林退仰起頭,眉梢染著一絲疑慮,“有事?”
鬱礎直白道:“我還想待在這裡。”
林退給他的坦誠弄得一愣,下意識問,“為什麼?”
“在這裡我隻想一件事。”
“……哦。”
如果這番話從虞懷宴嘴裡說出來,一定是輕佻纏綿的——在這裡我隻想一件事,那就是想你。
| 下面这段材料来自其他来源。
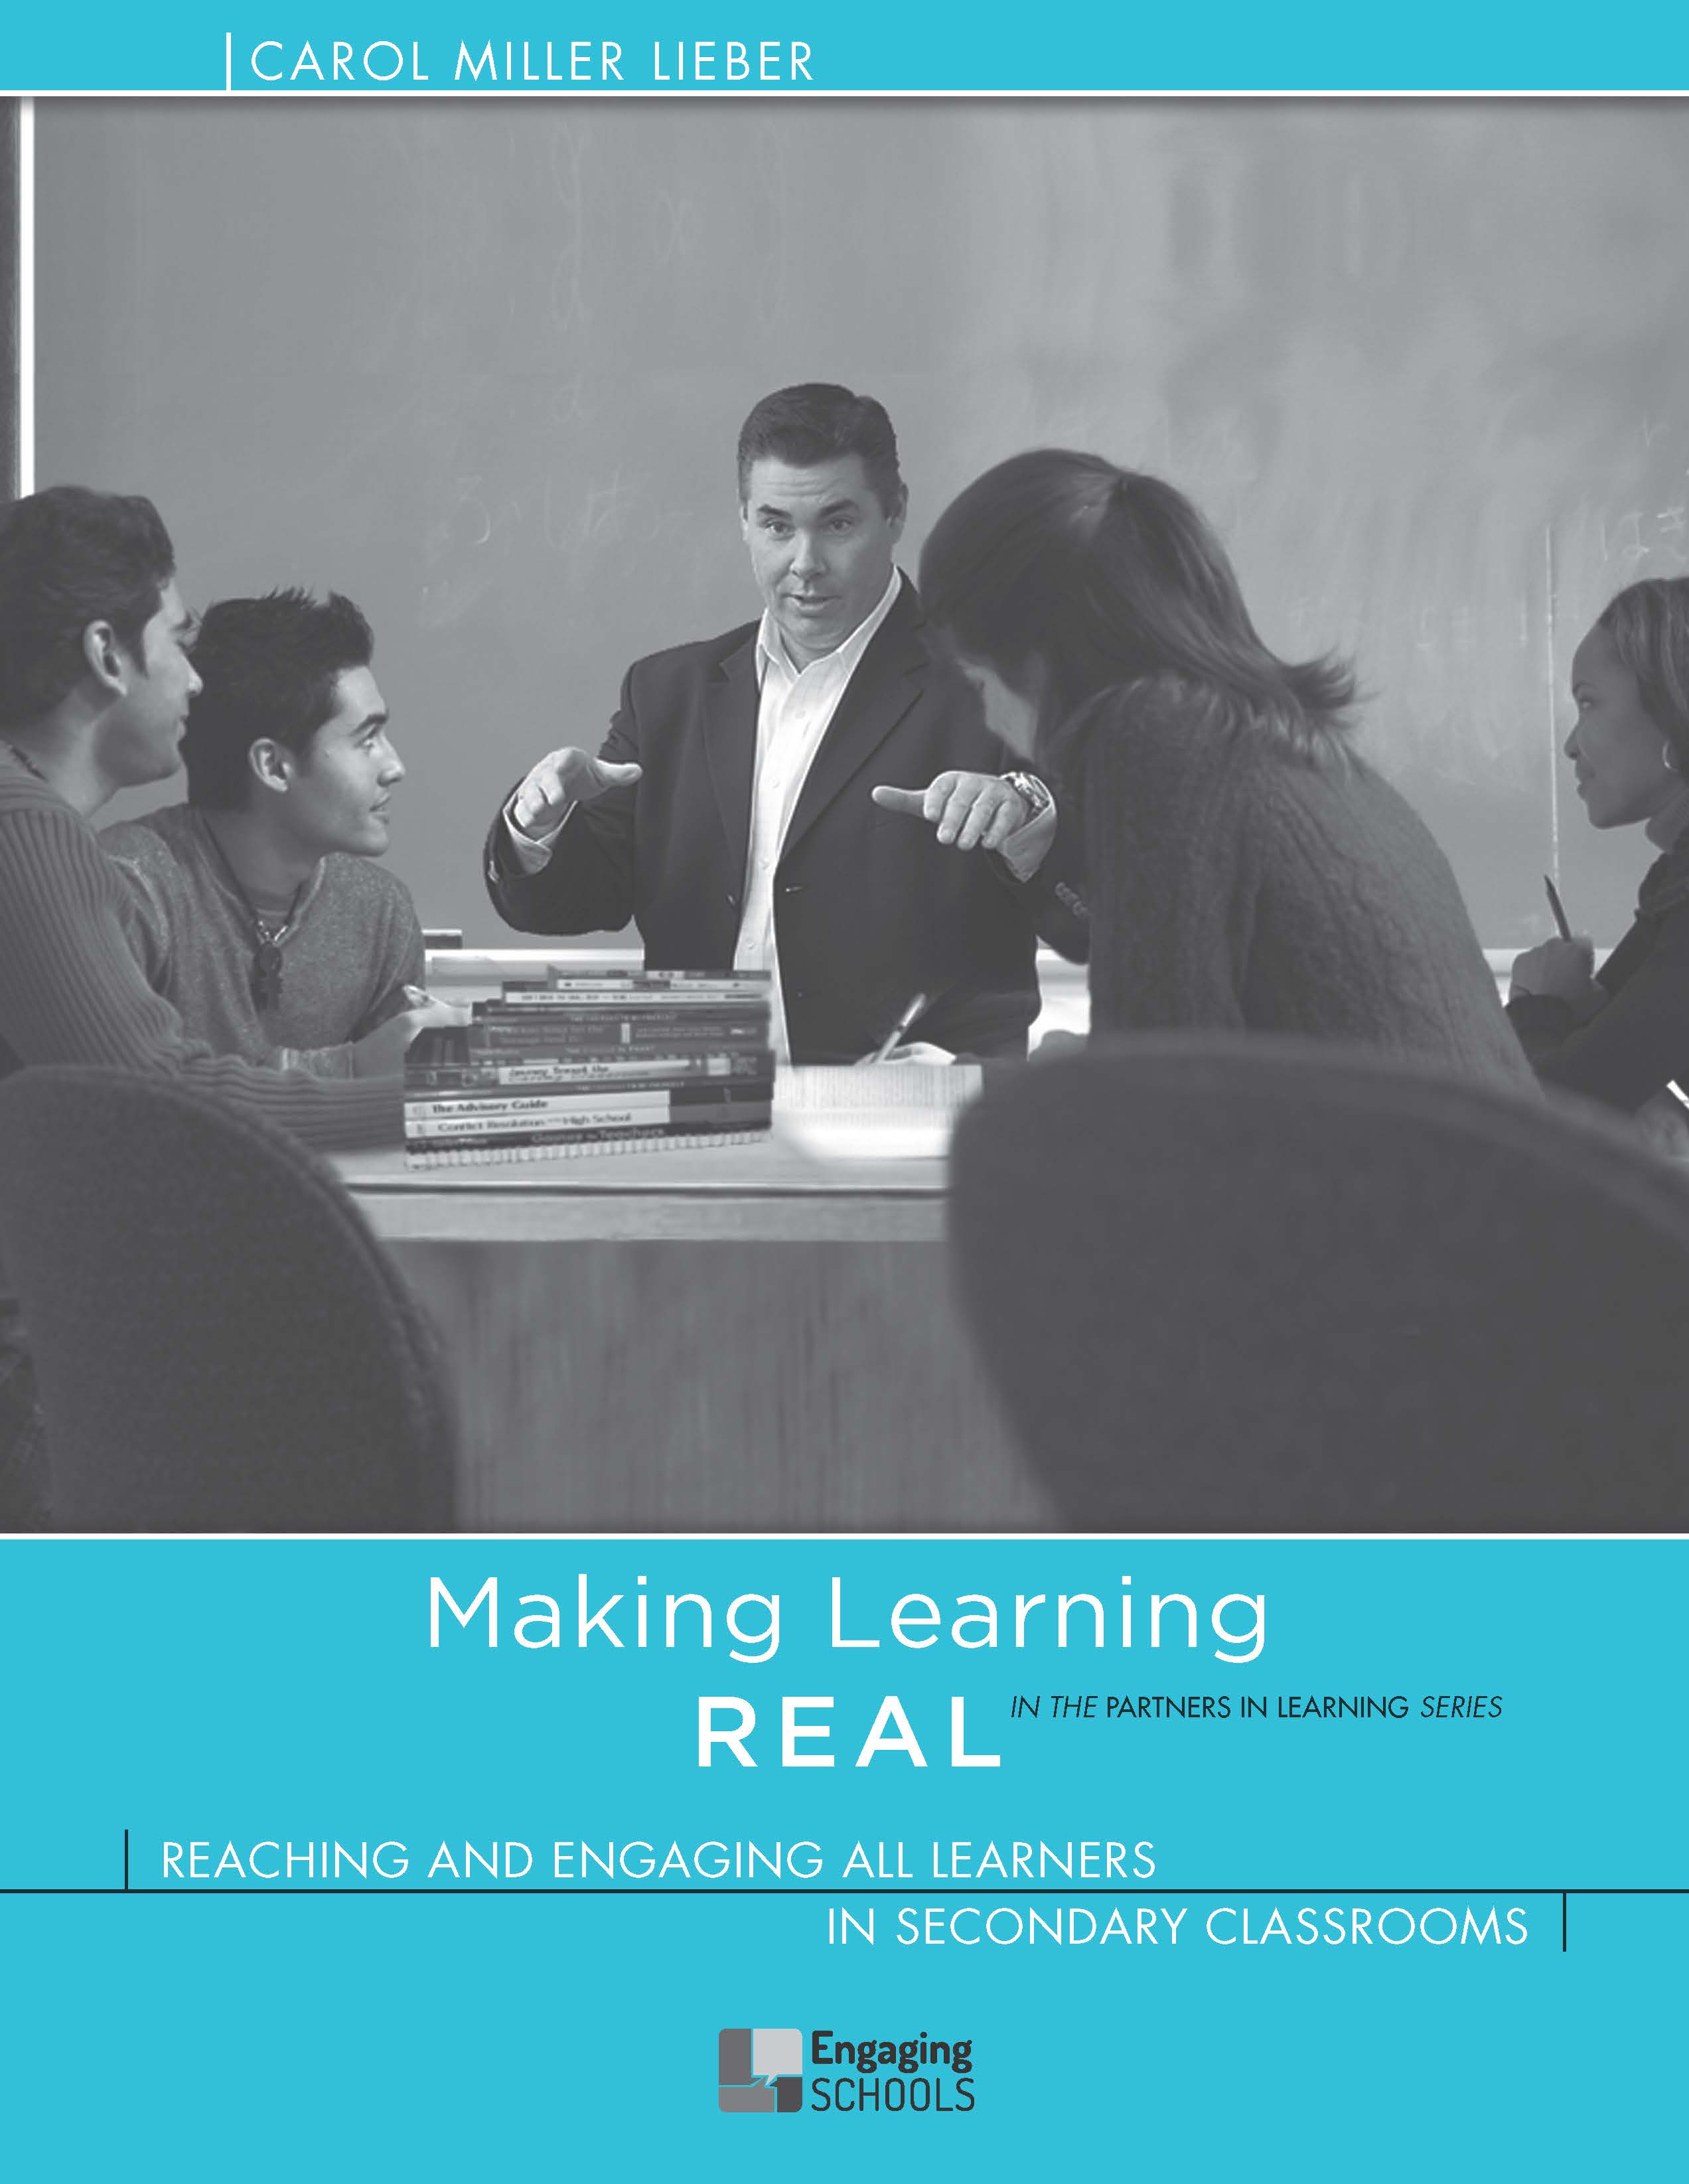 Making Learning Real: Reaching and Engaging All Learners in Secondary Classrooms (PILREA)
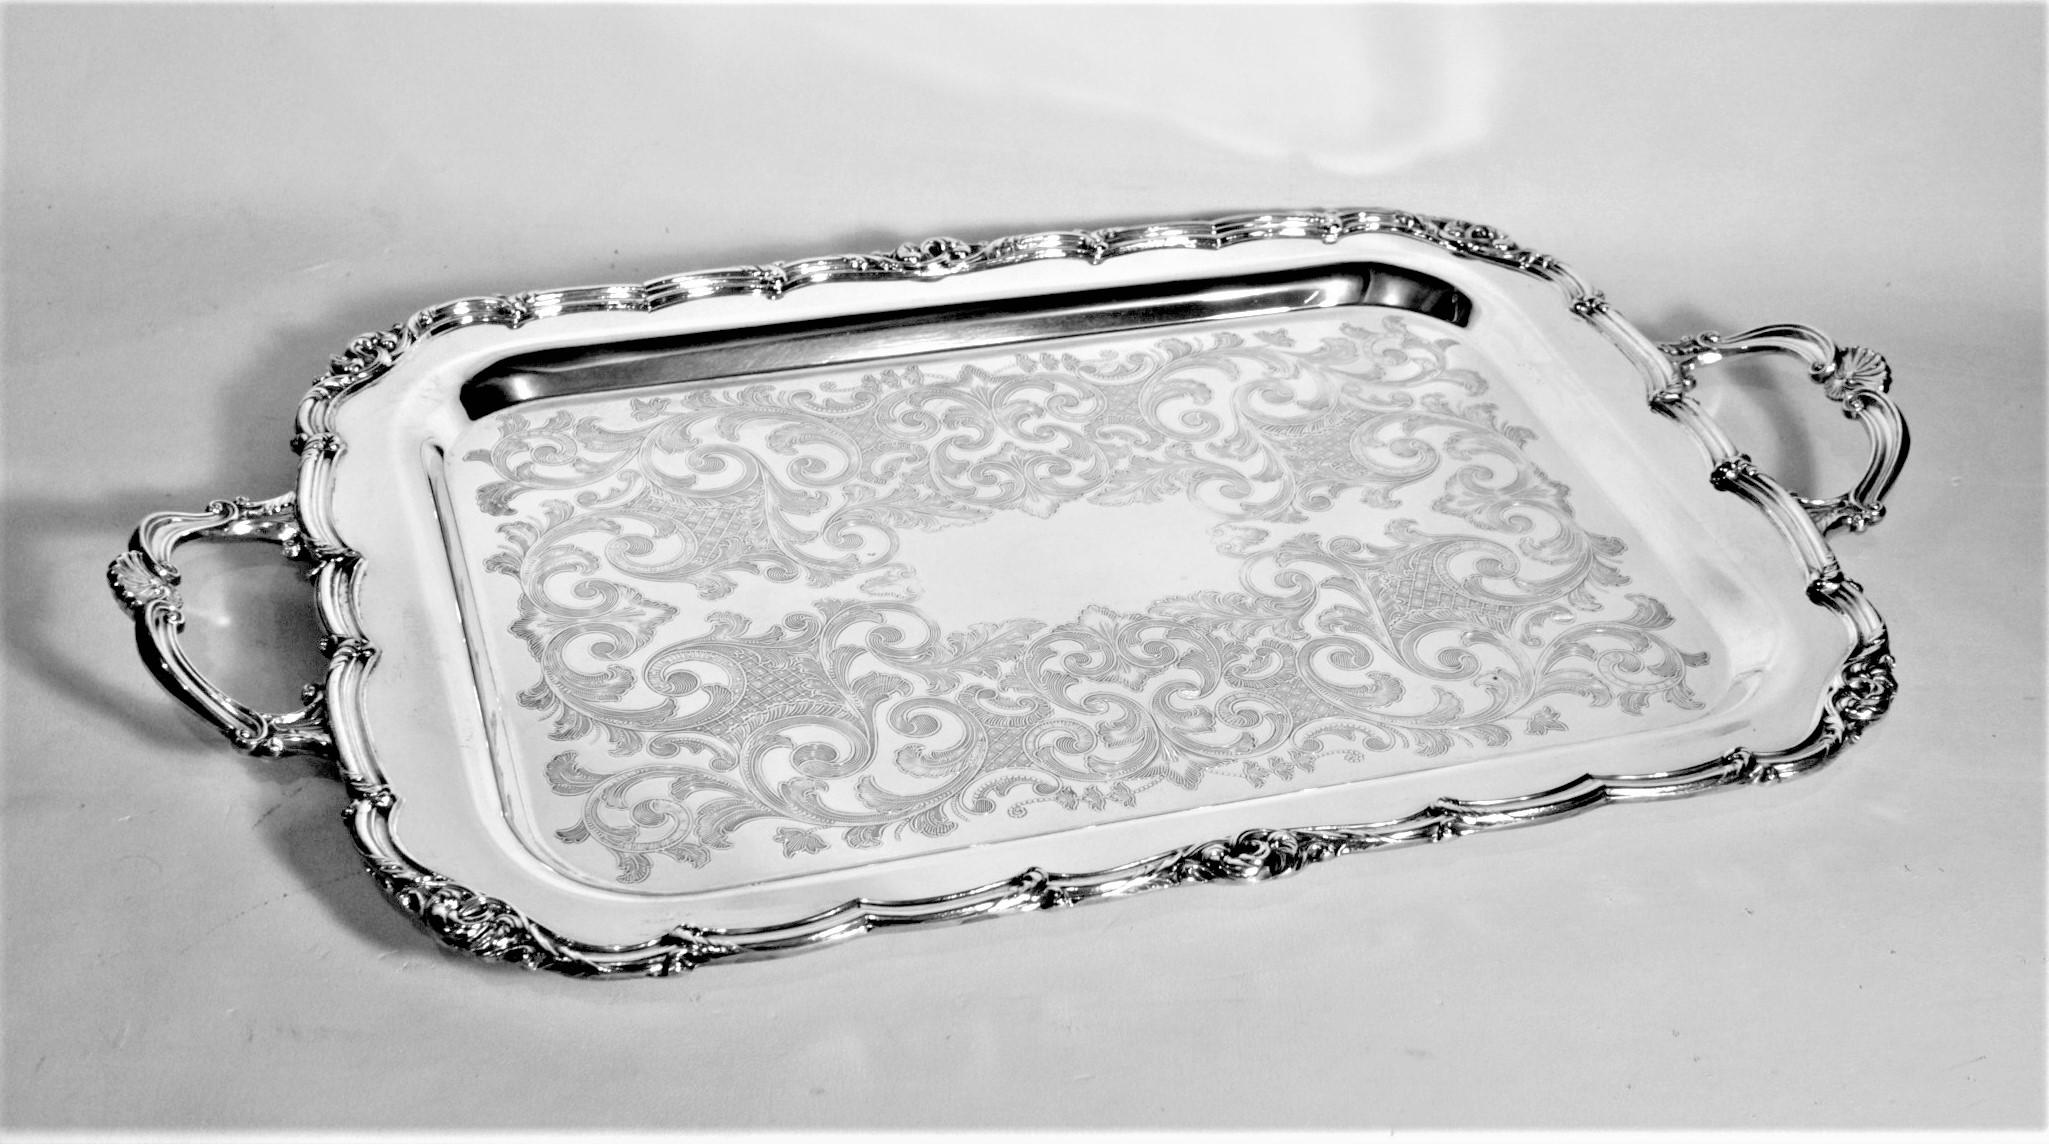 This small antique styled silver plated serving tray is hallmarked by an unknown maker, but originates from Canada from approximately 1950 in an English Victorian style. The rectangular shaped tray has a nicely scalloped outer rim with complimentary

虞懷宴太清楚這種套路,但鬱礎的口吻絕不是在調情,反而像是在跟林退說了一件隻有他們懂的事。
他不需要明說,點到林退即懂。
但林退根本不知道鬱礎在說什麼,隻是他的想法一向很奇怪,所以林退不是事事都要深究。
雖然不知道鬱礎為什麼想在這裡多待,不過林退還是同意了,讓他去酒店大廳等著,等他們談完林退會給前台打電話叫他回來。
林退這樣做,隻是因為想起前段時間他聽到林宜挽死訊,沈莫歸趕過來陪他的事。
有時他並不需要安慰,也不需要有人告訴他以後的路該怎麼做。
他隻想要有一個人能在那個時刻留在他身邊陪伴,哪怕隻是插科打諢都可以。
林退不知道此刻鬱礎是不是特彆需要人陪,如果是那他可以讓他留在這裡,總好一個人孤零零再回那列火車廂待著。
虞懷宴的眉頭慢慢收攏。
他能看出兩個人目前沒有那方麵的關係,但林退能這麼快接納鬱礎實在出乎意料。
沈莫歸應該已經告訴林退,鬱礎那些亂七八糟的傳聞,依林退的性格他會對鬱礎這種人敬而遠之。
他們之間到底發生了什麼事,才會讓林退這樣信任他?
等鬱礎走出房間後,虞懷宴輕笑一聲,半真半假道:“你們關係這麼好,看的我都有點吃醋。”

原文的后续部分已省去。